Problem to solve: Each entry is to be repeated word for word, and the images are to be dropped.

Supplied data:
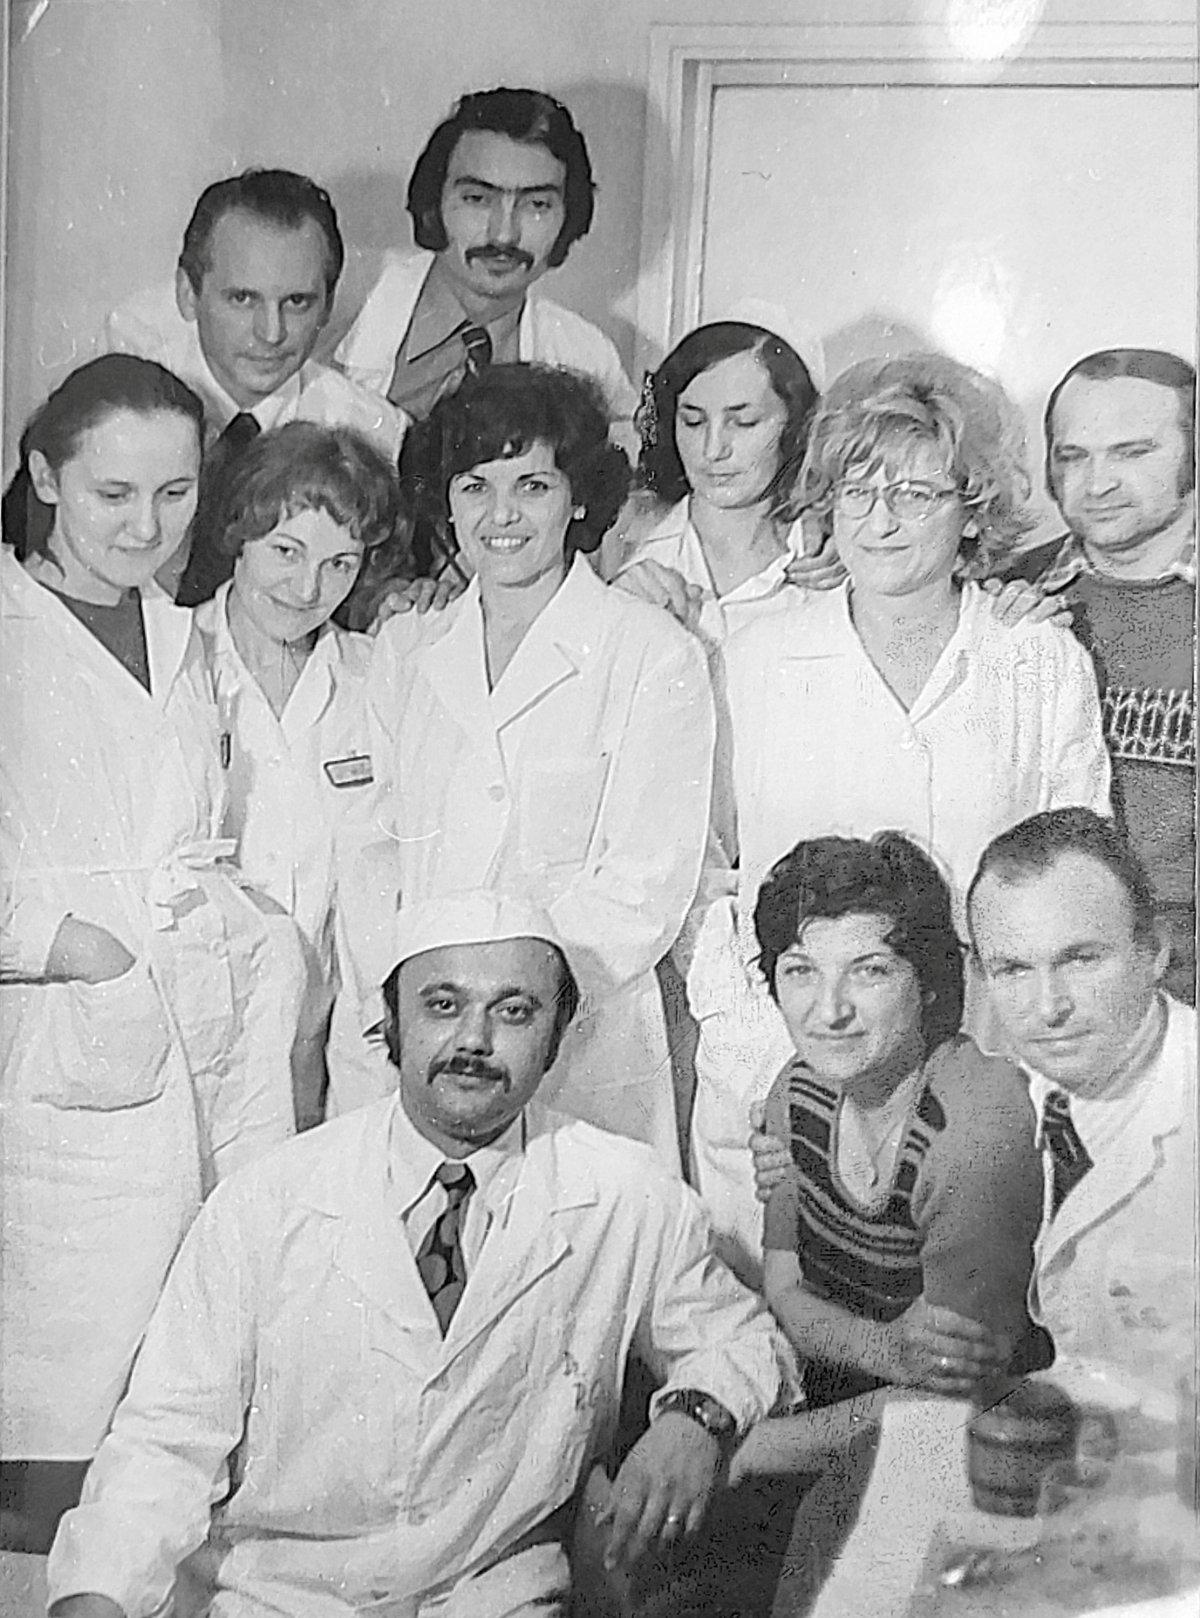 Munkaközösség a patológiai, kórszövettani és kórbonctani osztályon a 70-es években •  Fotó: Rédai Erzsébet archívuma
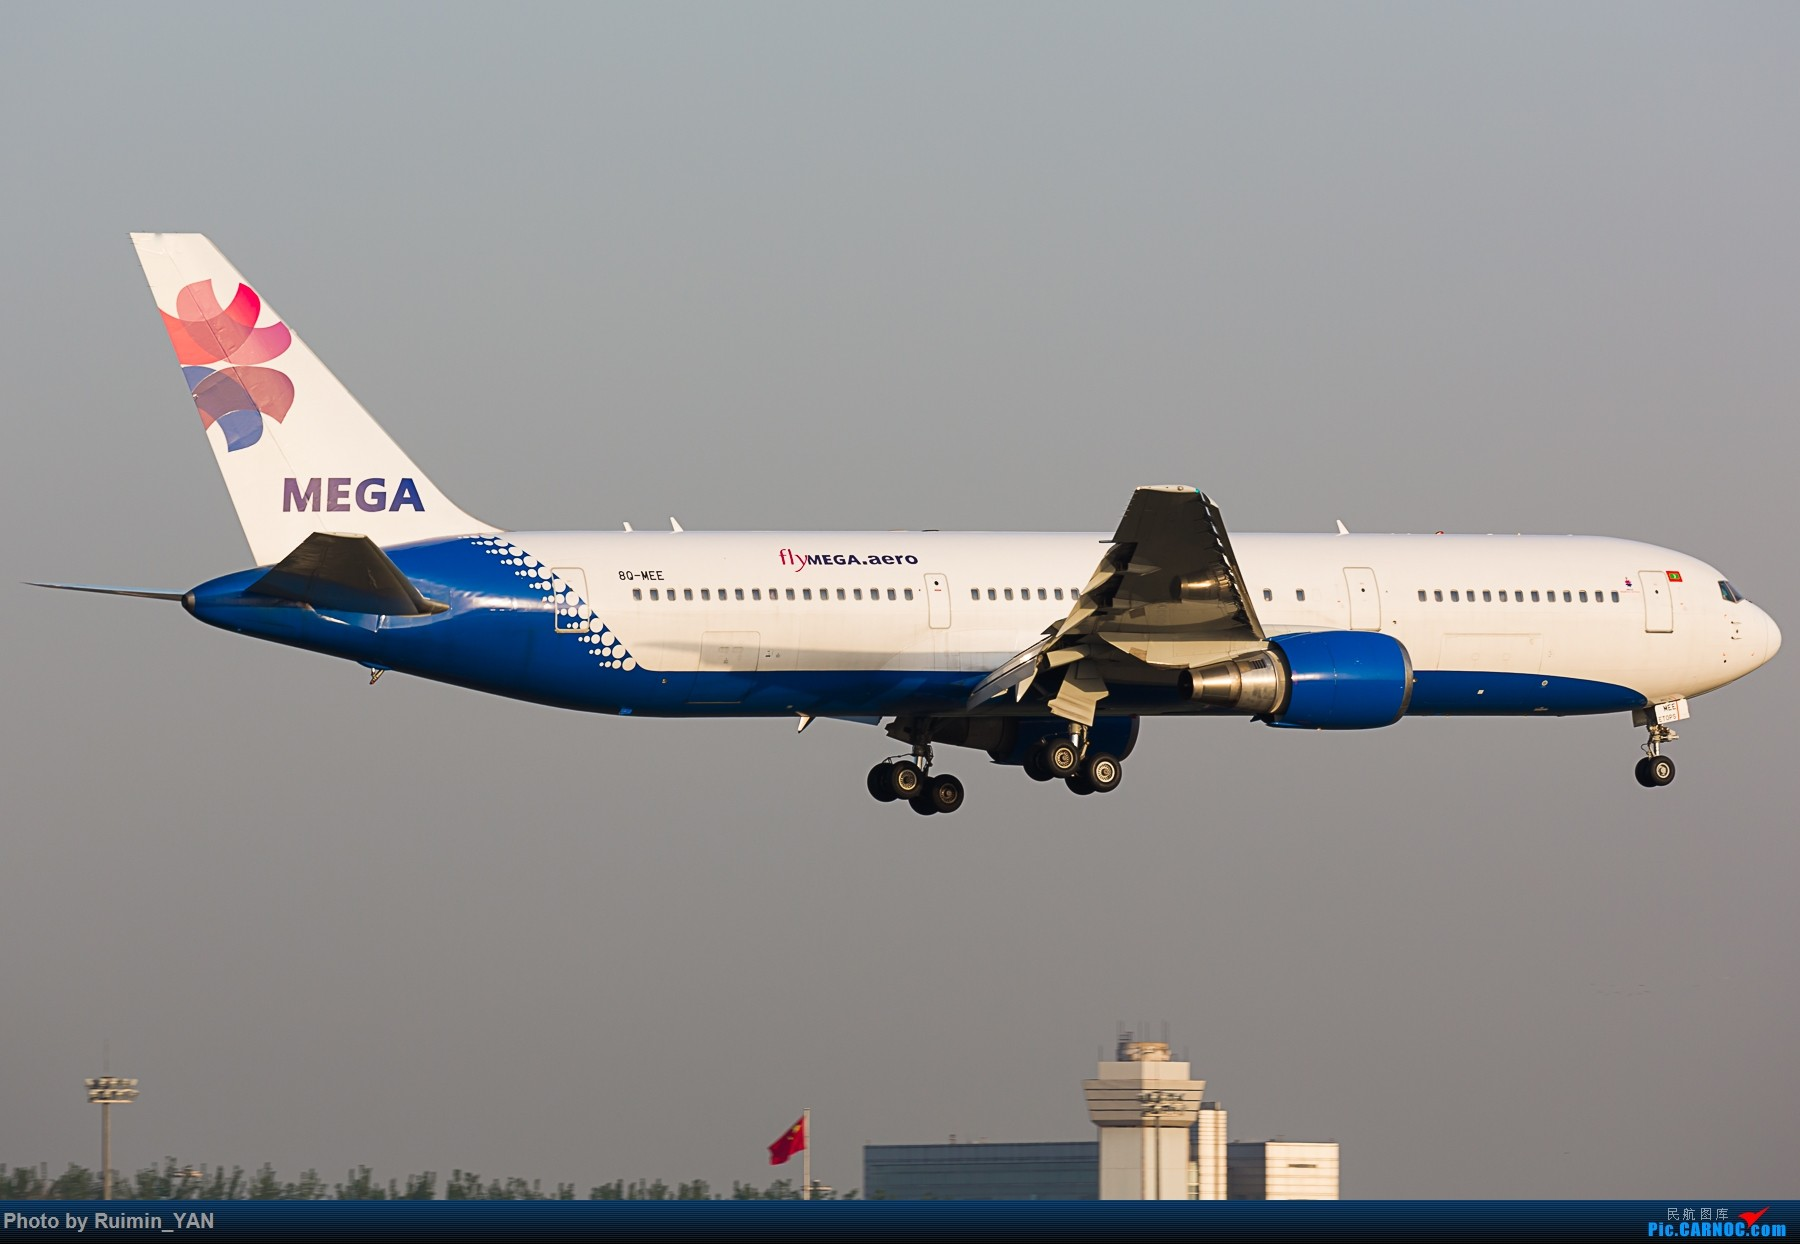 [原创]【PEK】【彩绘】马尔代夫美佳航空(LV, Mega Global Air)因重组暂停中国航线 flyMEGA.aero 8Q-MEE B763 BOEING 767-300ER 8Q-MEE 中国北京首都国际机场
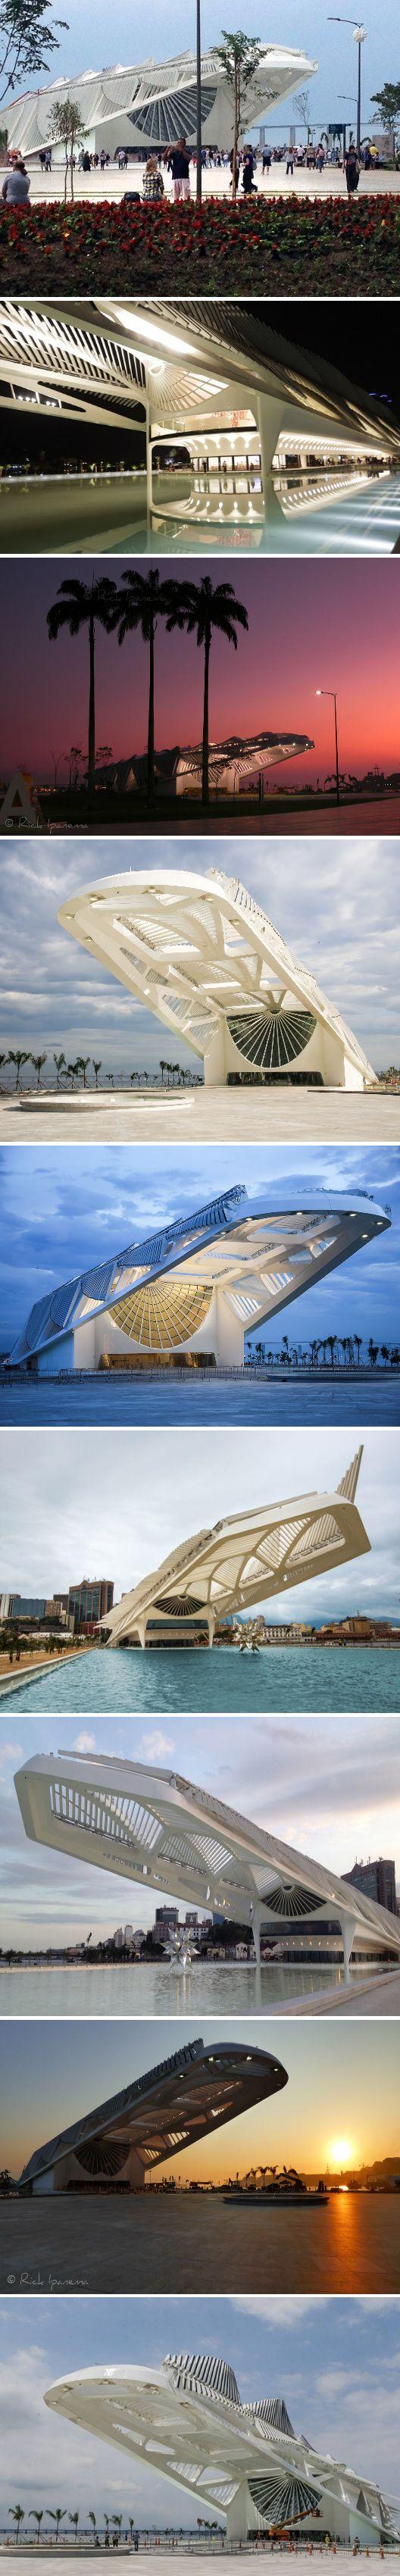 Museum of Tomorrow Rio de Janeiro - Brazil / Museu do Amanhã, Brasil, South America – design by Santiago Calatrava, architect
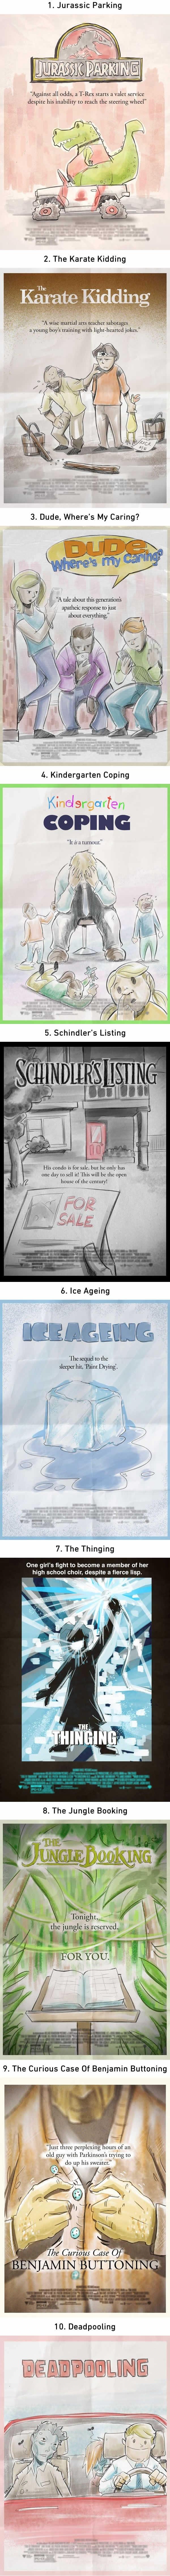 Adding ing to movie titles
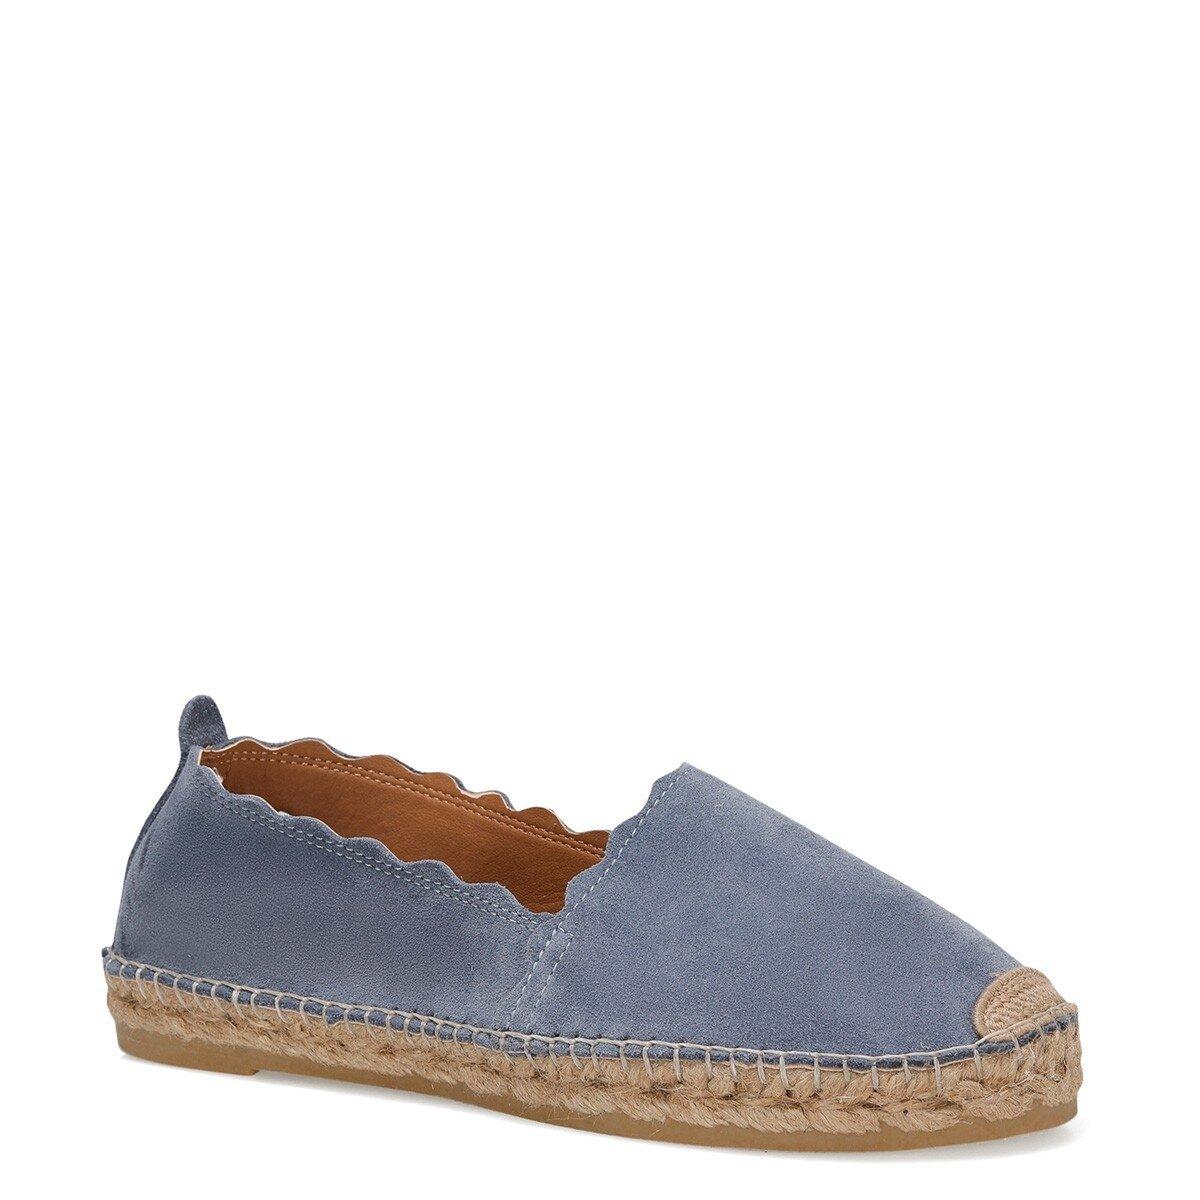 UNDERDAY 1FX Lacivert Kadın Espadril Ayakkabı

Reply to the exercise:
 Munkaközösség a patológiai, kórszövettani és kórbonctani osztályon a 70-es években •  Fotó: Rédai Erzsébet archívuma
 [原创]【PEK】【彩绘】马尔代夫美佳航空(LV, Mega Global Air)因重组暂停中国航线 flyMEGA.aero 8Q-MEE B763 BOEING 767-300ER 8Q-MEE 中国北京首都国际机场
 Museum of Tomorrow Rio de Janeiro - Brazil / Museu do Amanhã, Brasil, South America – design by Santiago Calatrava, architect
 Adding ing to movie titles
 UNDERDAY 1FX Lacivert Kadın Espadril Ayakkabı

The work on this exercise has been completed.